## Concentration, Atomic Weight and Molarity and Avogadro’s Law

The units of measurement of an amount of substance are conveniently reported as concentration which is mass per unit of volume. The unit of volume chosen is usually one appropriate to the expected concentration of the substance or to a volume that makes physiological sense – gram / liter (g/l), millimole / liter (mmol/l), milligram / milliliter (mg/ml).

If we know the concentration of a substance (mass/volume) and we know the total volume of solvent in which the substance (solute) is dissolved (volume), it follows that the total mass of solute is given by
concentration (mass/volume) x total volume = total mass

Similarly, knowing total mass and concentration gives total volume of solvent as
total mass/concentration (mass/volume) = total volume

And, given total mass and total volume provides a result for concentration as
total mass/total volume = concentration

### Atomic weight and molarity

The atomic weight of a substance is an assigned number which allows comparison of the relative masses (weights) of the different elements.

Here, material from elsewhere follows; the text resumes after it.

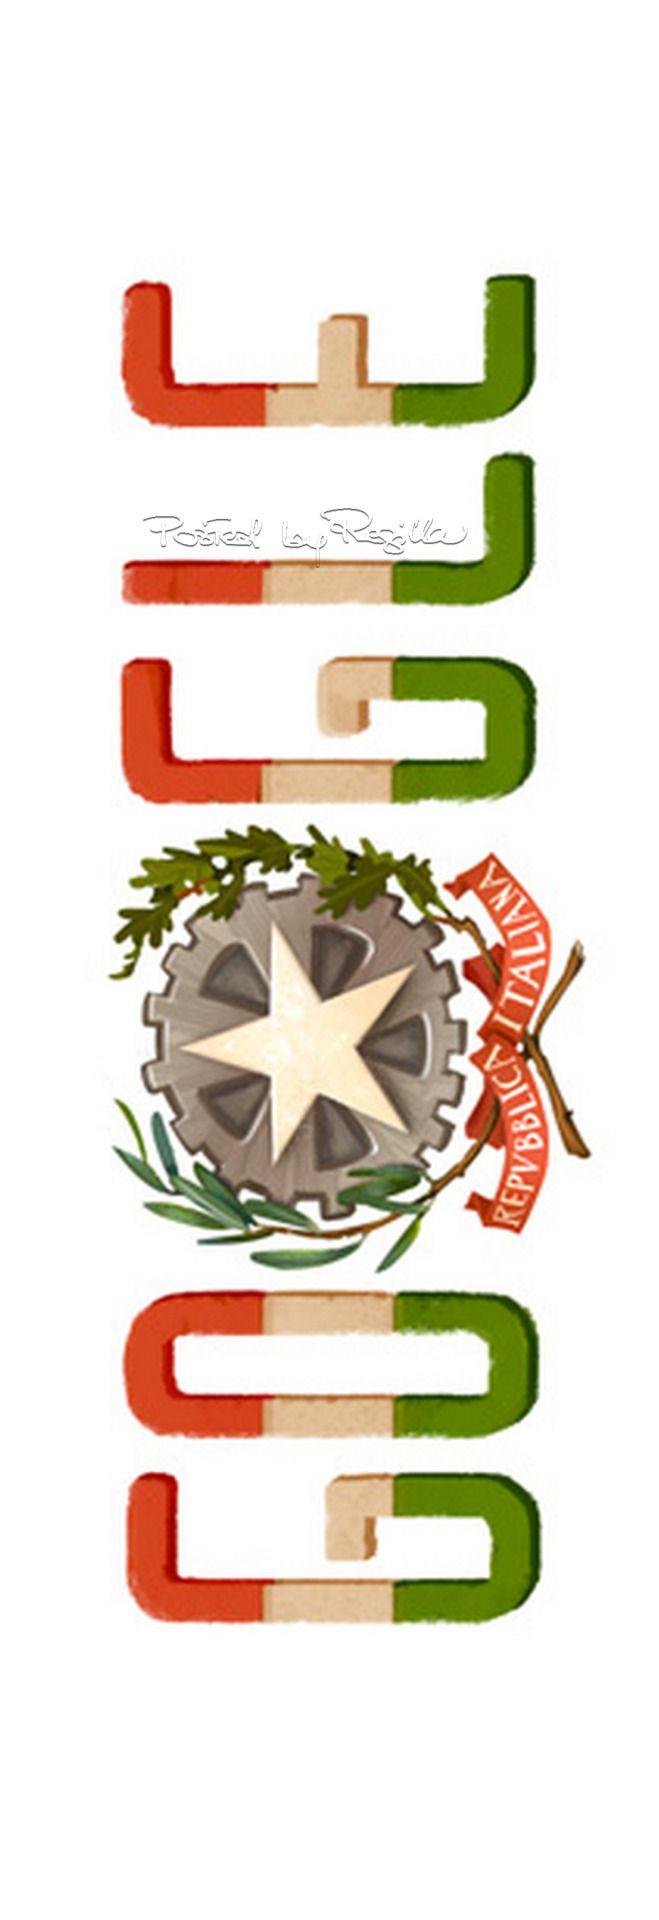 Regilla ⚜ 2 Giugno, Festa della Repubblica Italiana

By definition, one atom of oxygen is assigned a “weight” of 16, and the atomic weights of the other elements are determined in relation to that of oxygen. In a molecule, i.e., a substance containing two or more different atoms, the molecular weight is equal to the sum of the atomic weights of the individual atoms. For example, the molecular weight of water (H2O) is 18 ([2  x 1]  +  16).

One mole (mol) of any substance is defined as the molecular (or atomic) weight of that substance in grams. Similarly, one millimole (mmol) is equal to one-thousandth of a mole or the molecular (or atomic) weight in milligrams.

The atomic weight of sodium (Na+ ) is 23. Therefore, for Na+,

23 g = 1 mole
23 mg = 1 mmol

23 mg of Nain 1 liter of water = Na+ concentration ([Na+]) of 1 mmol/l.